• TASK DETAILS: Output all of the lines below exactly, and leave out each image.

• INFORMATION SUPPLIED:

##########

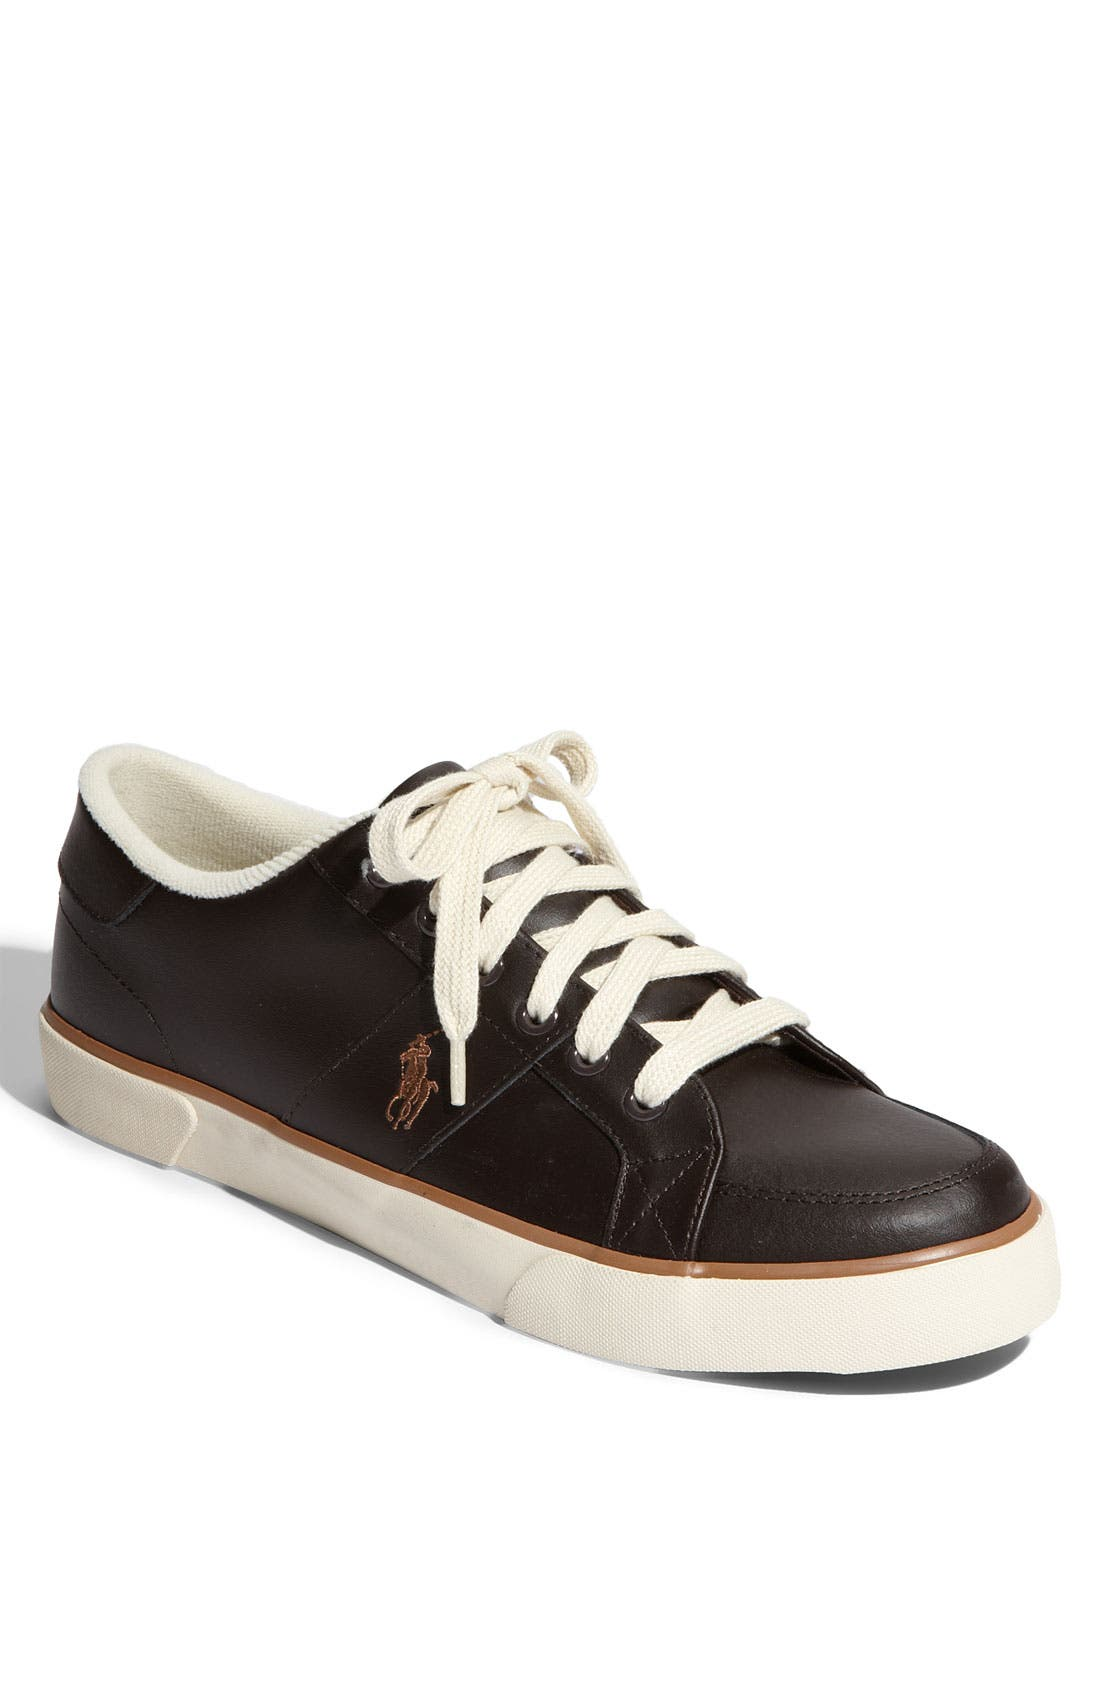 Main Image - Polo Ralph Lauren 'Harold' Sneaker
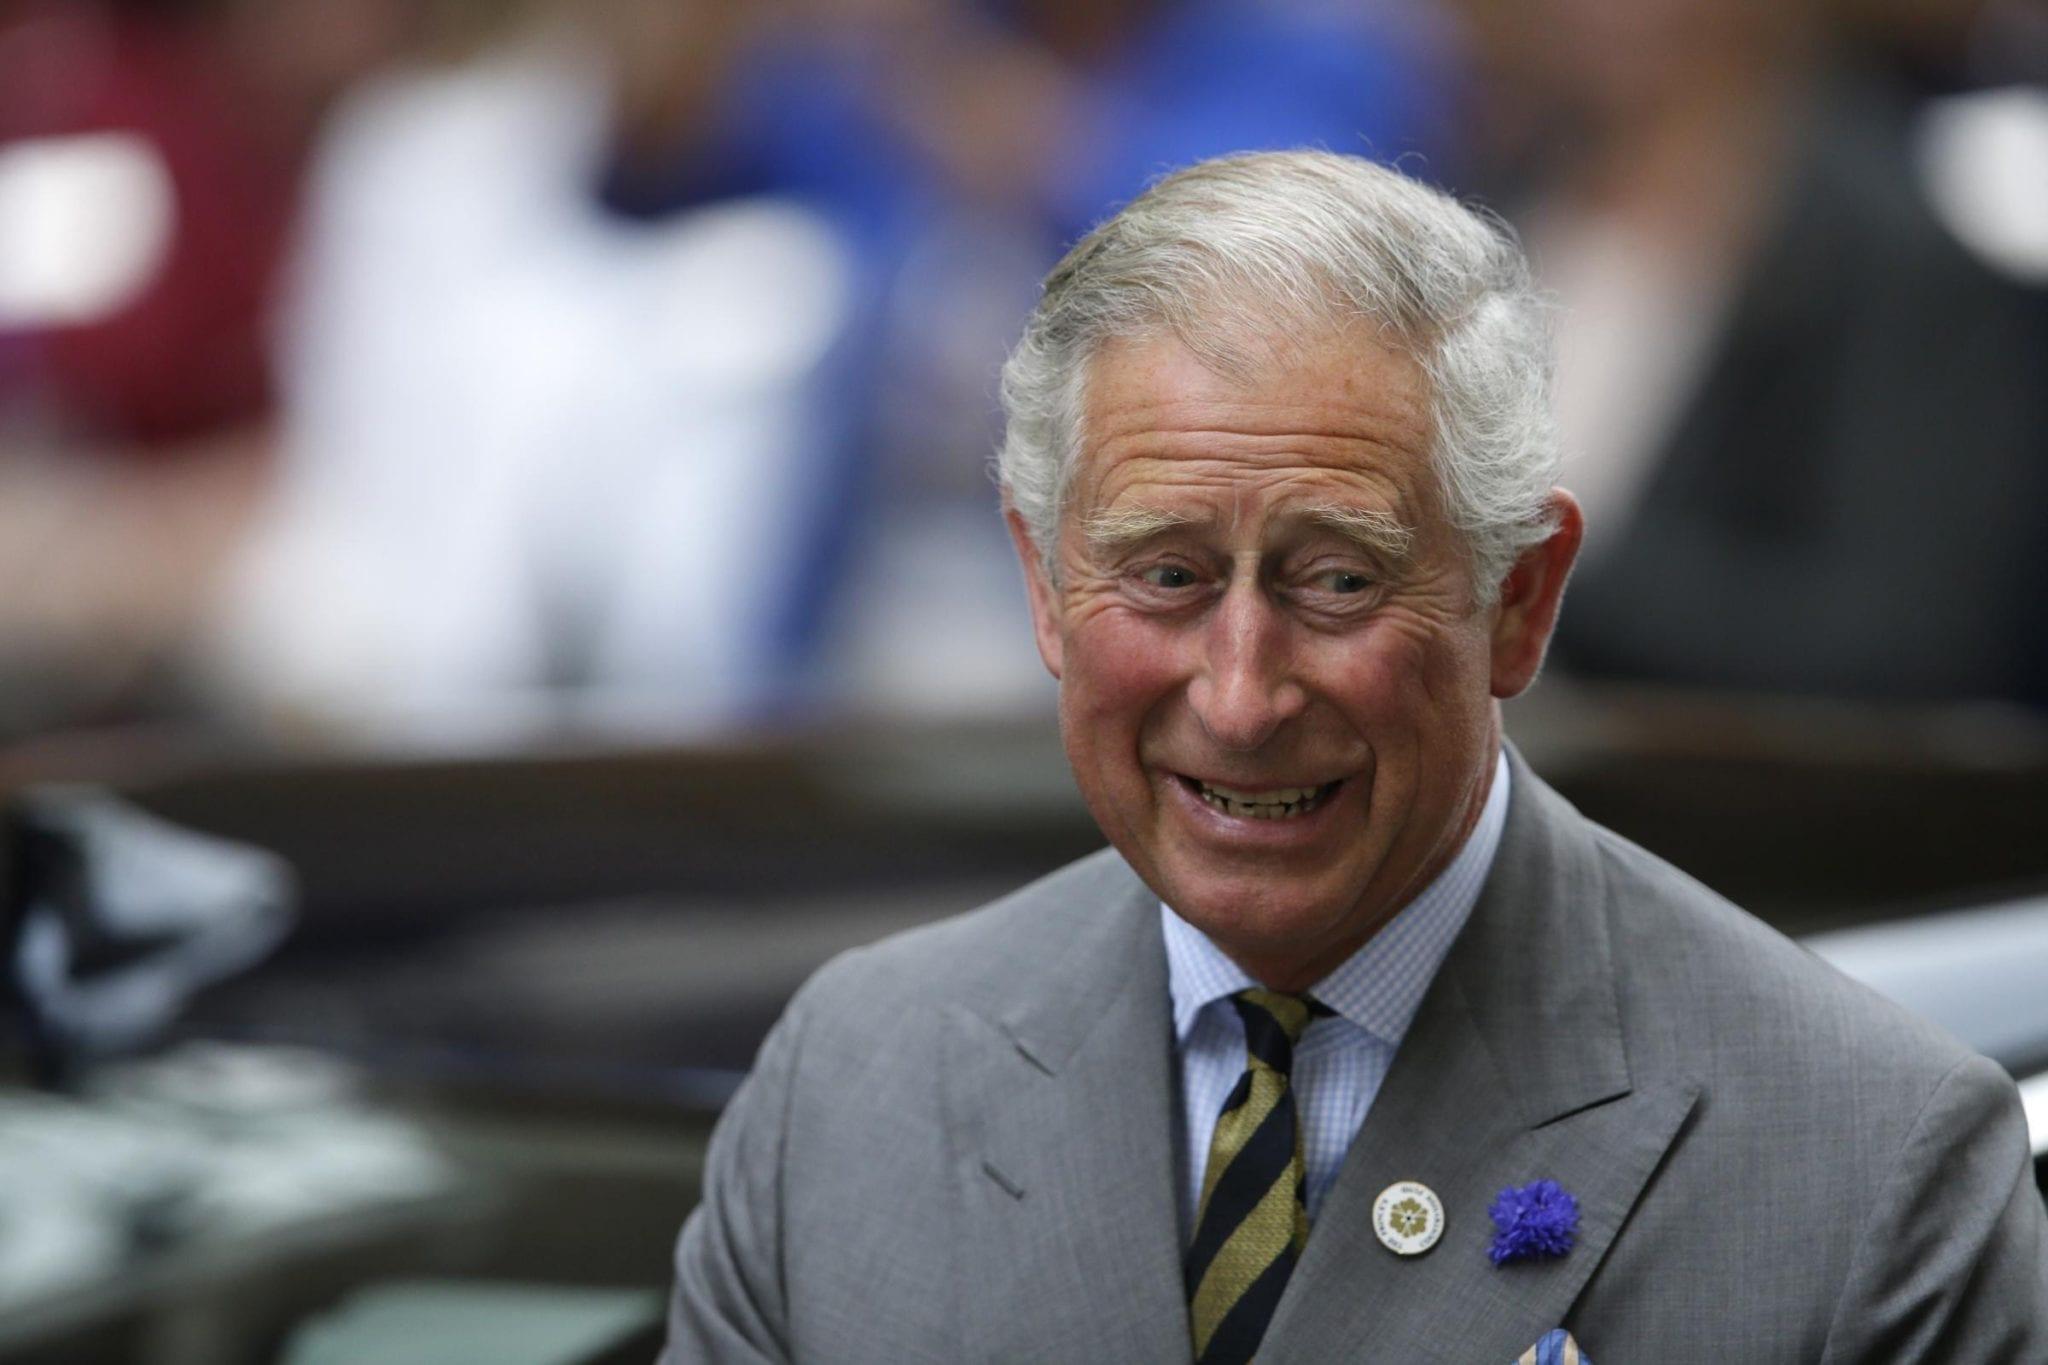 Carlo d'Inghilterra, sua altezza non vuole andare a Buckingham Palace
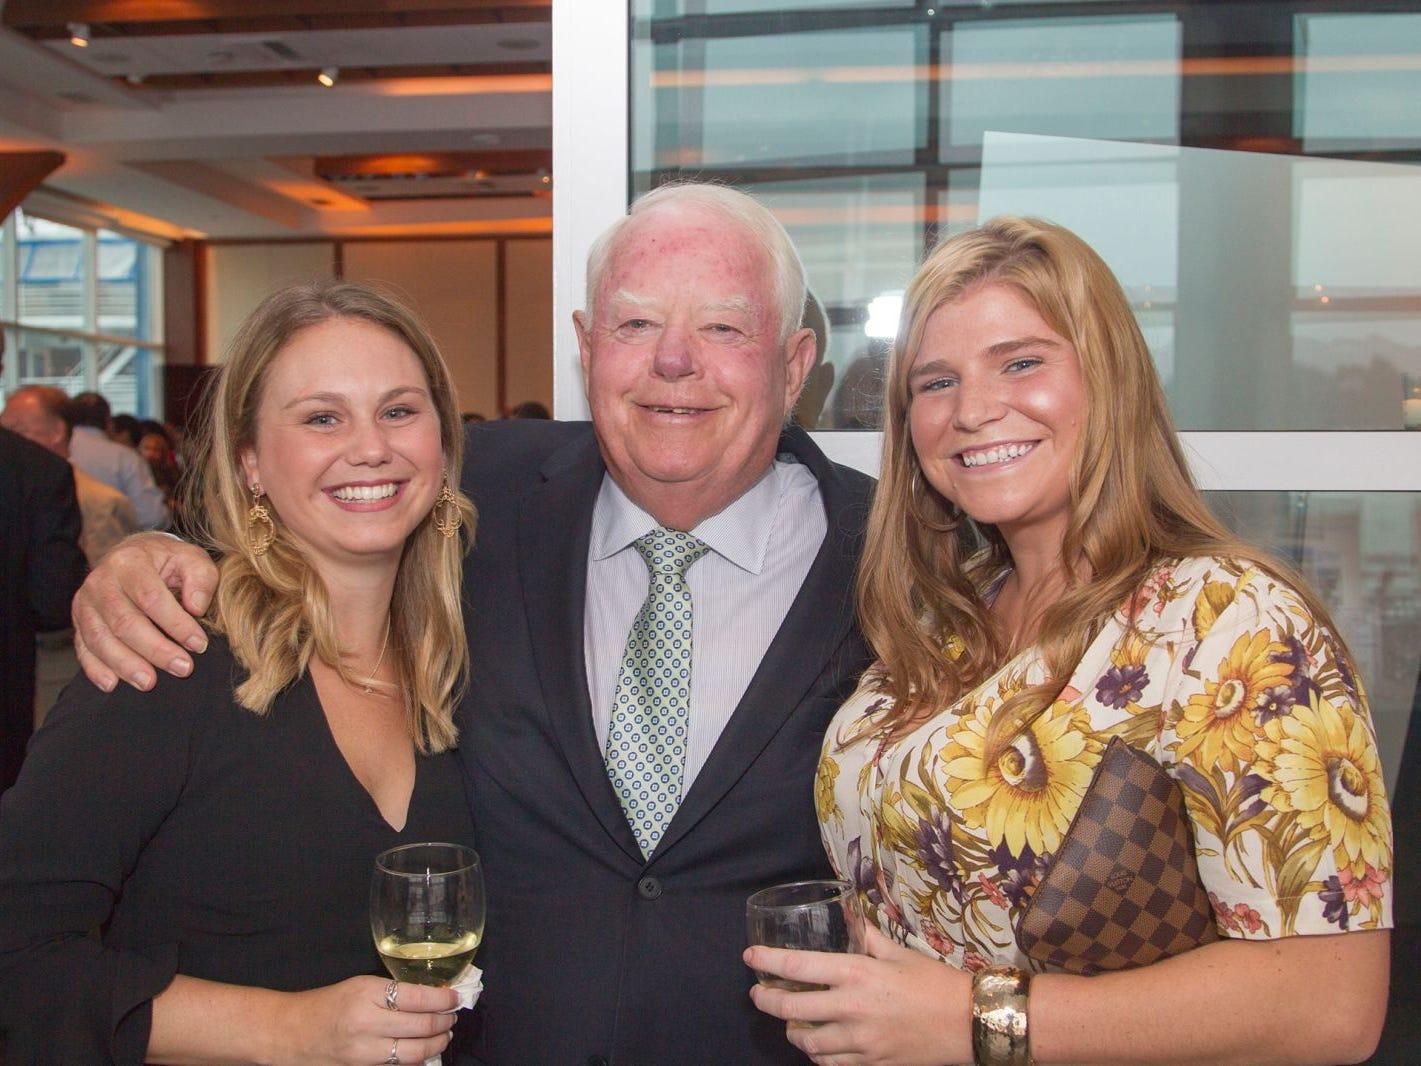 Molly Bascio, Tim Higgins, Alex Carrick. 11th annual IronMatt Fundraiser Gala at Pier 60 Chelsea Piers. 09/20/2018
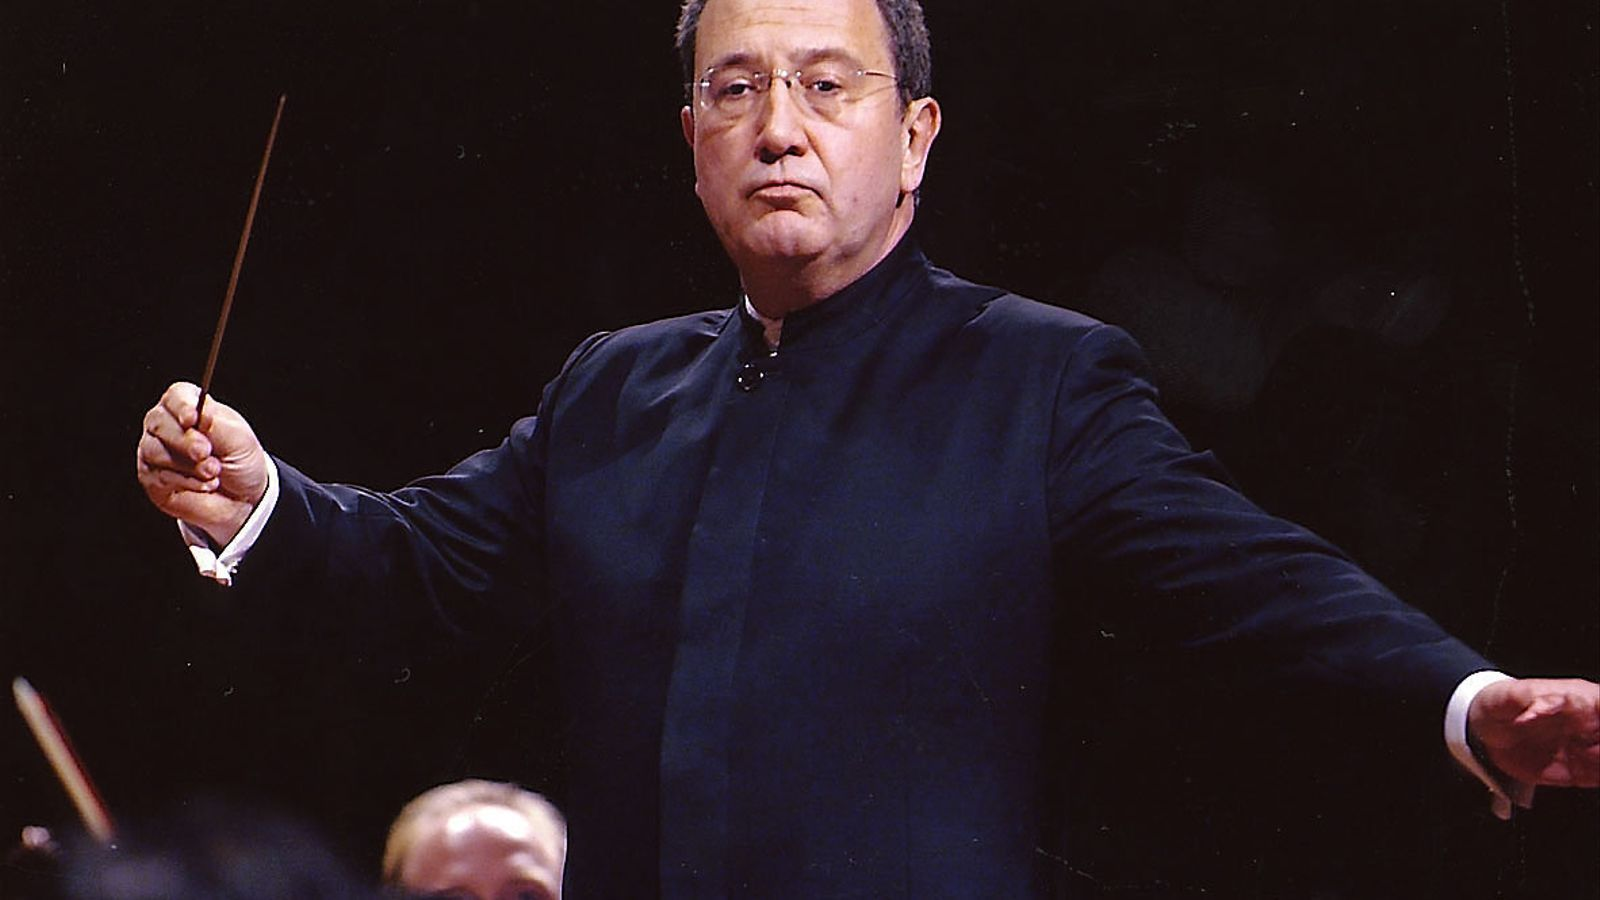 Salvador Mas, director convidat de la Camera Musicae. / OSCM

##########

• TASK RESULT:
 Main Image - Polo Ralph Lauren 'Harold' Sneaker
 Carlo d'Inghilterra, sua altezza non vuole andare a Buckingham Palace
 Molly Bascio, Tim Higgins, Alex Carrick. 11th annual IronMatt Fundraiser Gala at Pier 60 Chelsea Piers. 09/20/2018
 Salvador Mas, director convidat de la Camera Musicae. / OSCM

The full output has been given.